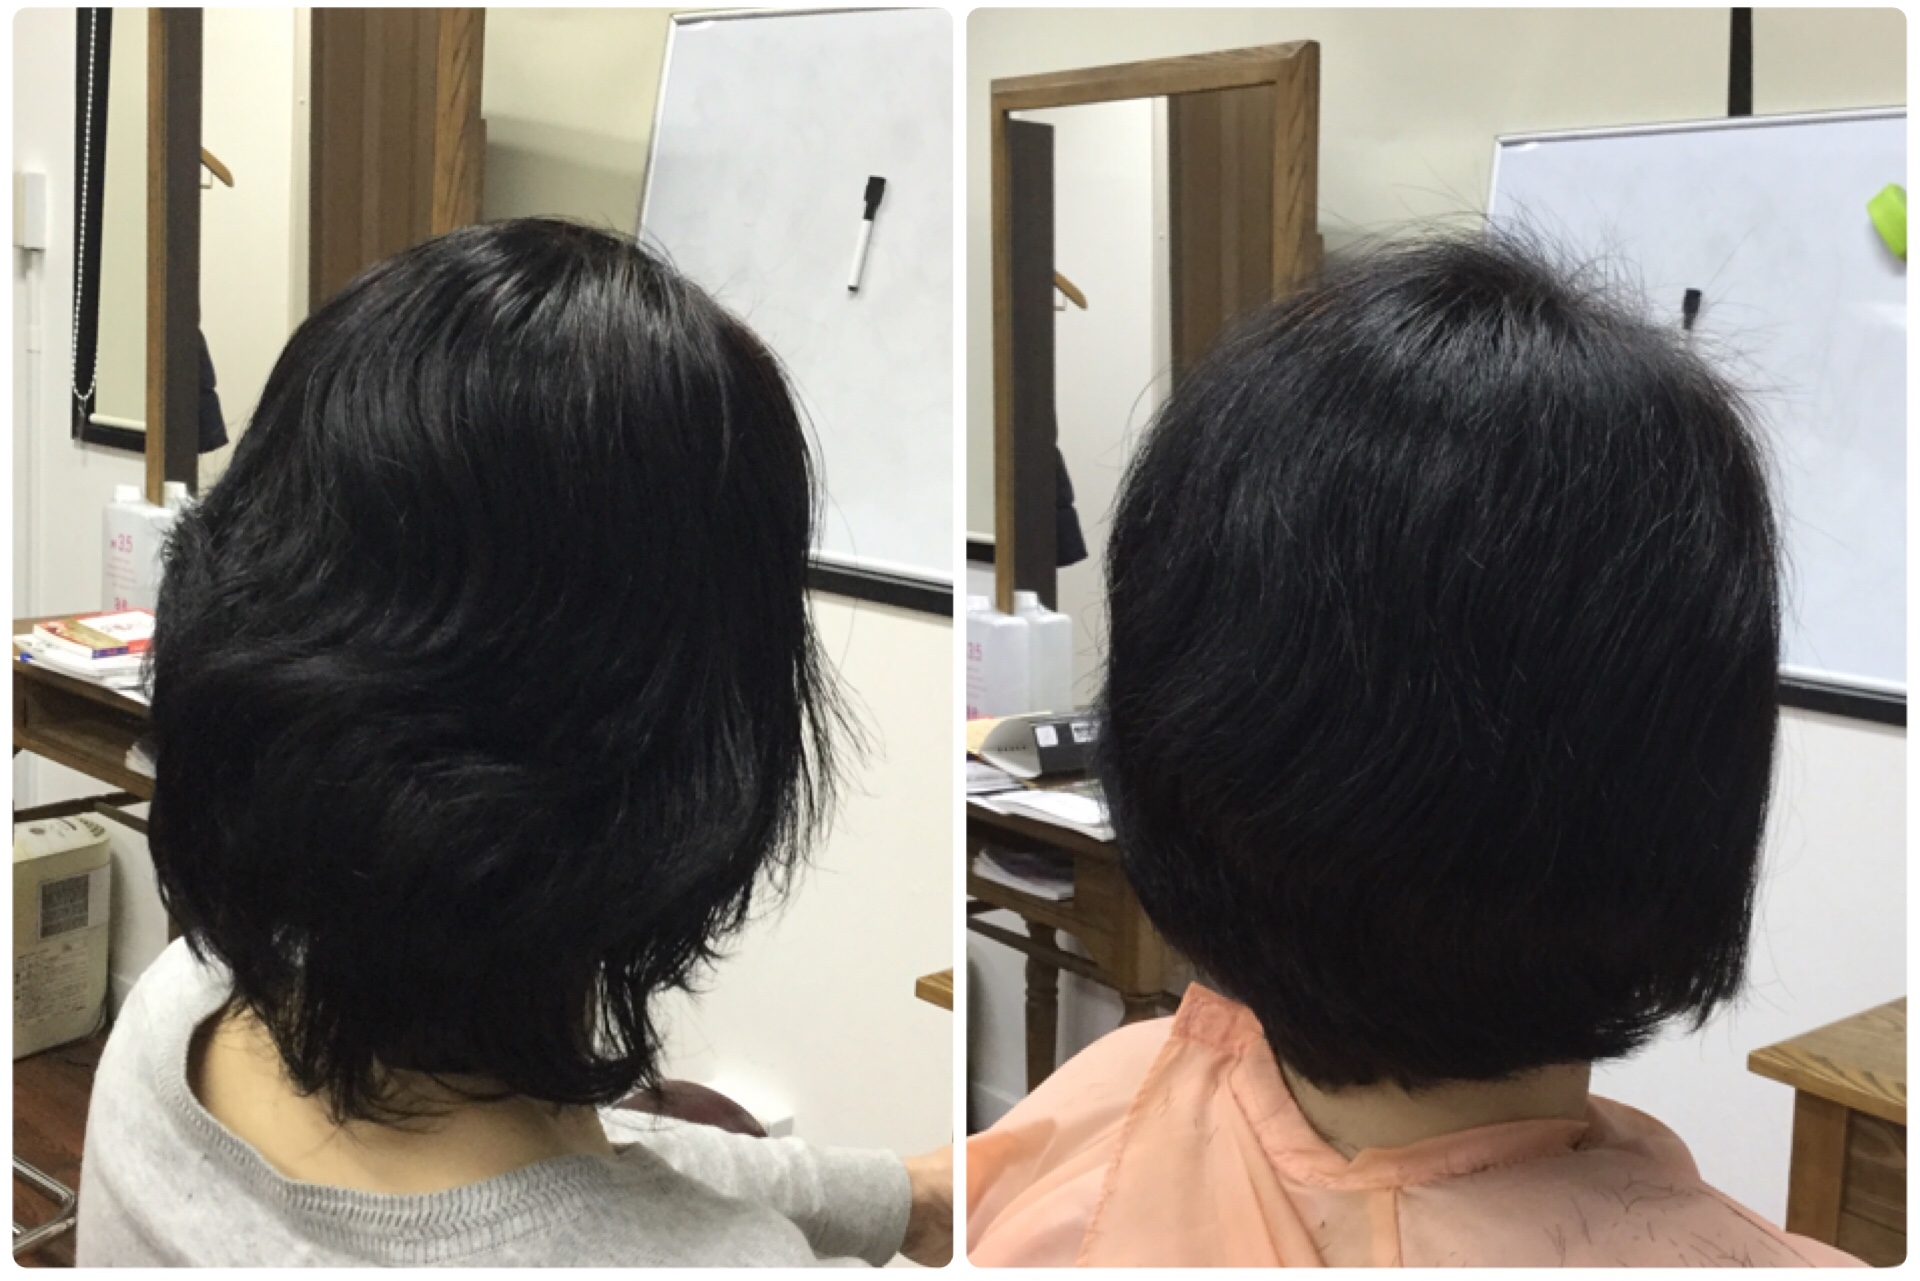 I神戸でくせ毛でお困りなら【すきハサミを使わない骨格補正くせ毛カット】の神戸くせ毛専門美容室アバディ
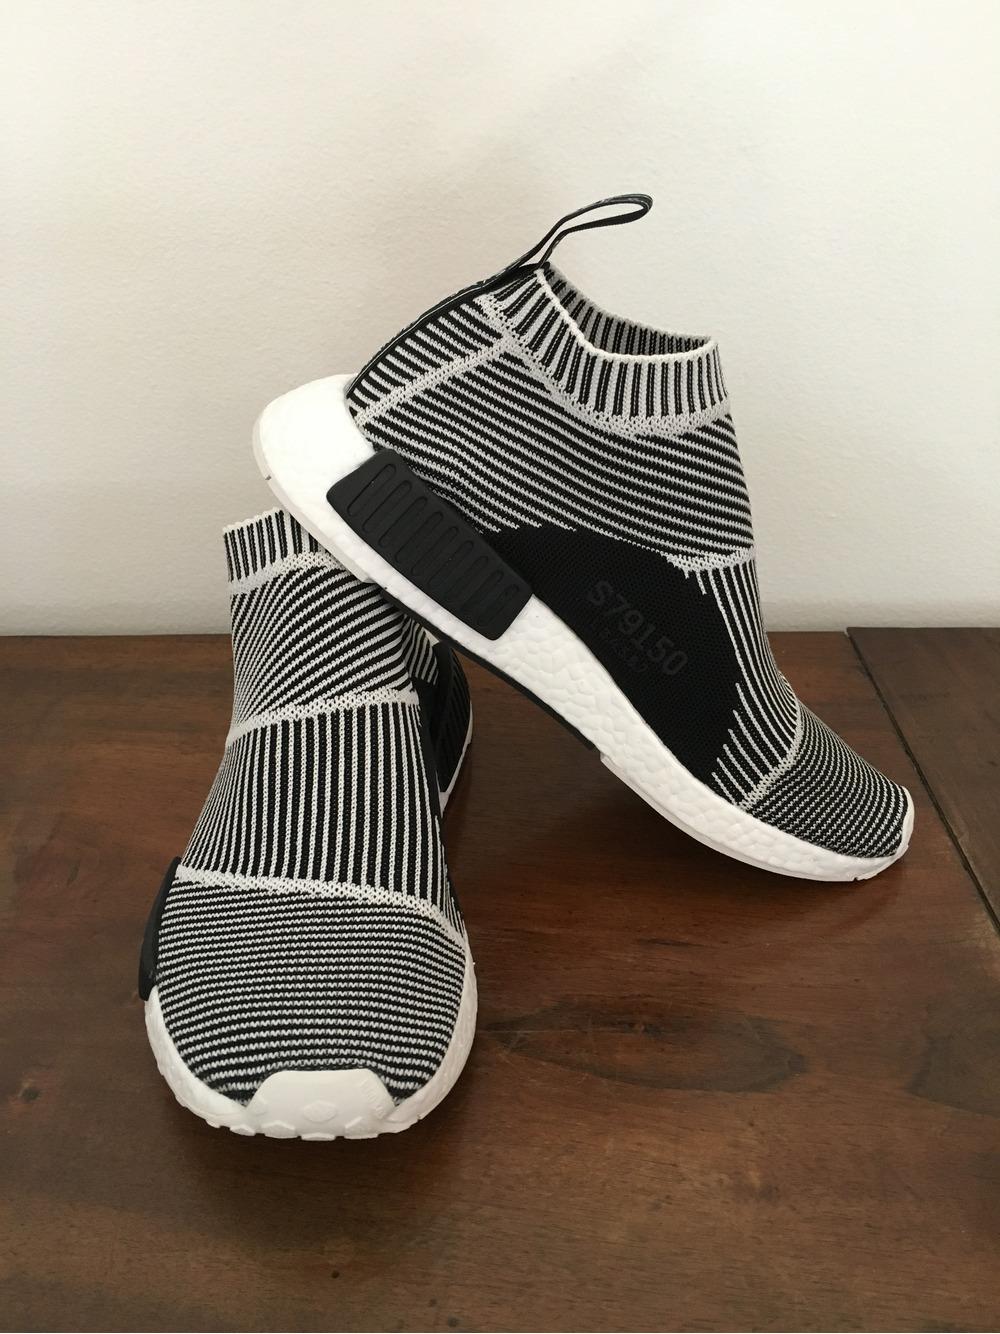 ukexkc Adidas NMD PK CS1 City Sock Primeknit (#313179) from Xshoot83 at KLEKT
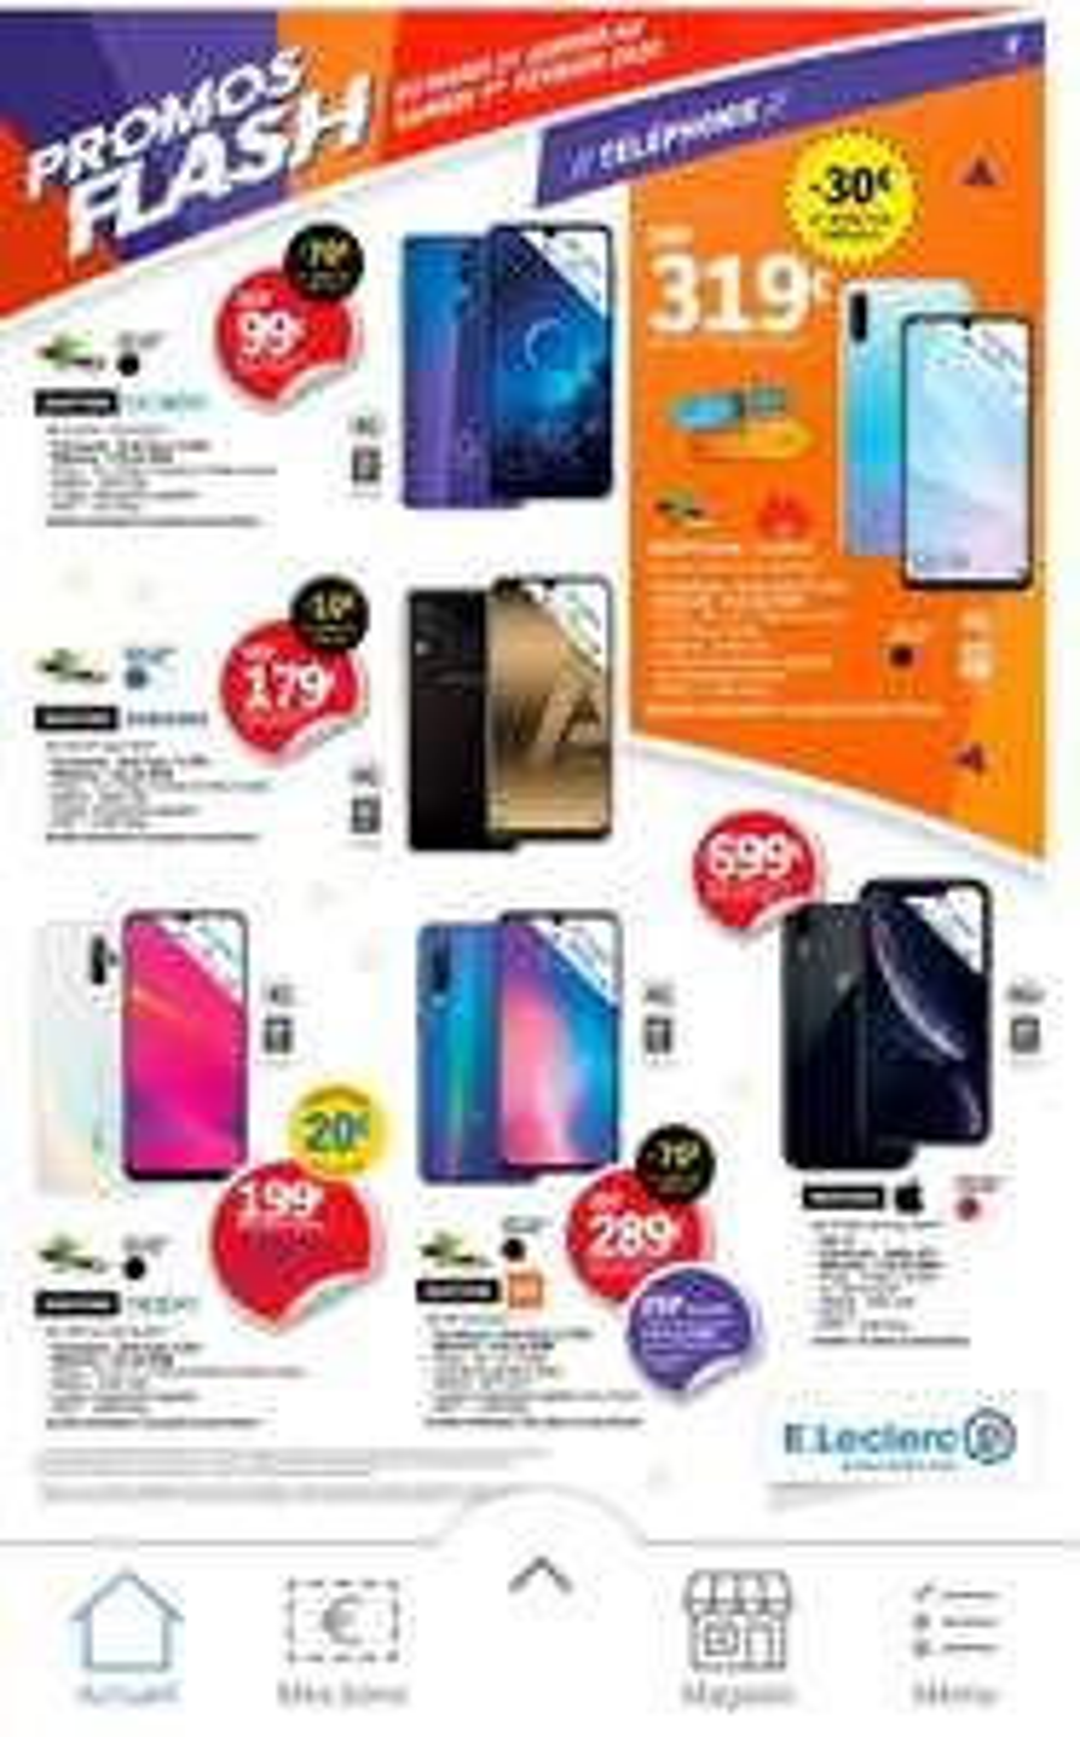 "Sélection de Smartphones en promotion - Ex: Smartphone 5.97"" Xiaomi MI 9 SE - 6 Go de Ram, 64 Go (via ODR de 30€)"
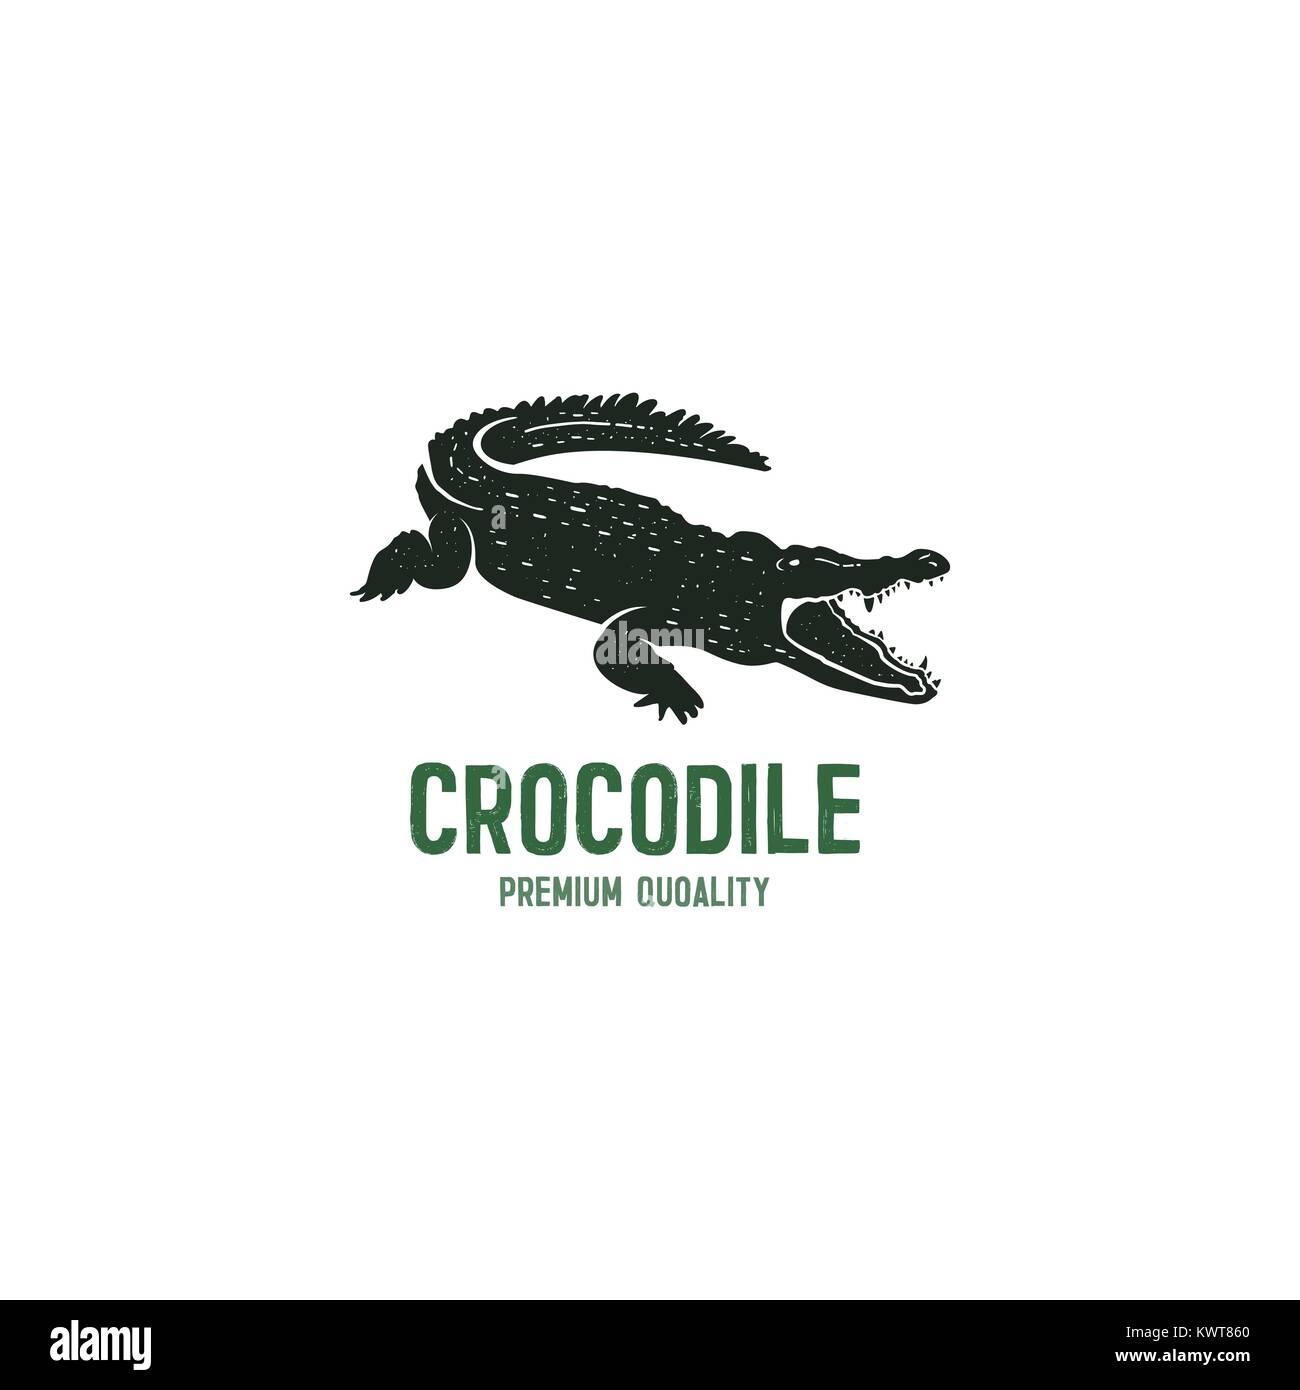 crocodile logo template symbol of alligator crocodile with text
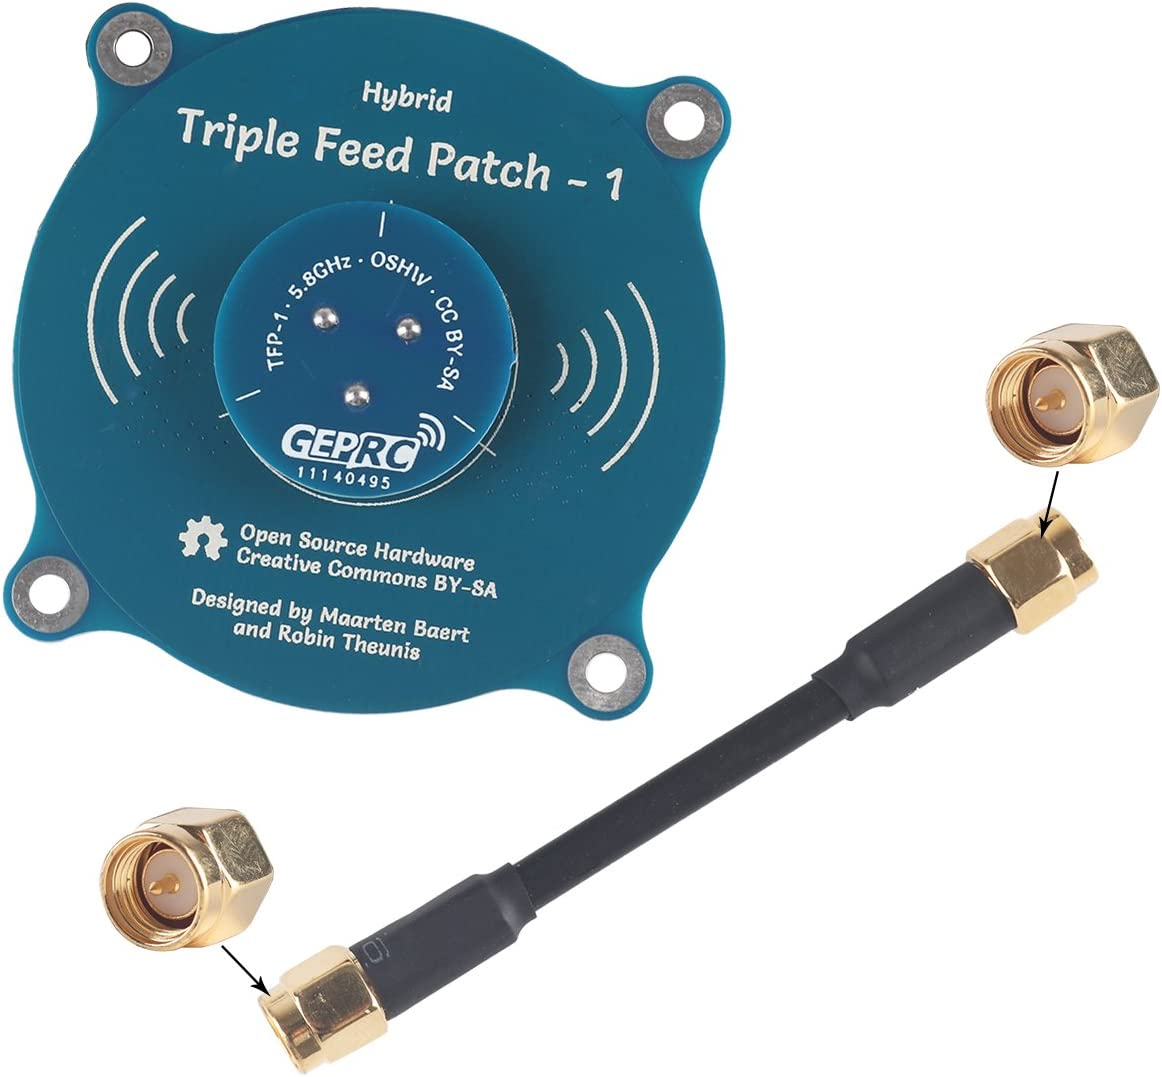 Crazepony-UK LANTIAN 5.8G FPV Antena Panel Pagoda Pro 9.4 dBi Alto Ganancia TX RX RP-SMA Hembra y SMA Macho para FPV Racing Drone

EXERCISE OBJECTIVE:
Those lines of the records above that run from the one containing "ukexkc Adidas NMD" through the one containing "crocodile logo template" should be returned exactly, with no pictures among them.

RESPONSE AREA:
 ukexkc Adidas NMD PK CS1 City Sock Primeknit (#313179) from Xshoot83 at KLEKT
 "Sélection de Smartphones en promotion - Ex: Smartphone 5.97"" Xiaomi MI 9 SE - 6 Go de Ram, 64 Go (via ODR de 30€)"
 crocodile logo template symbol of alligator crocodile with text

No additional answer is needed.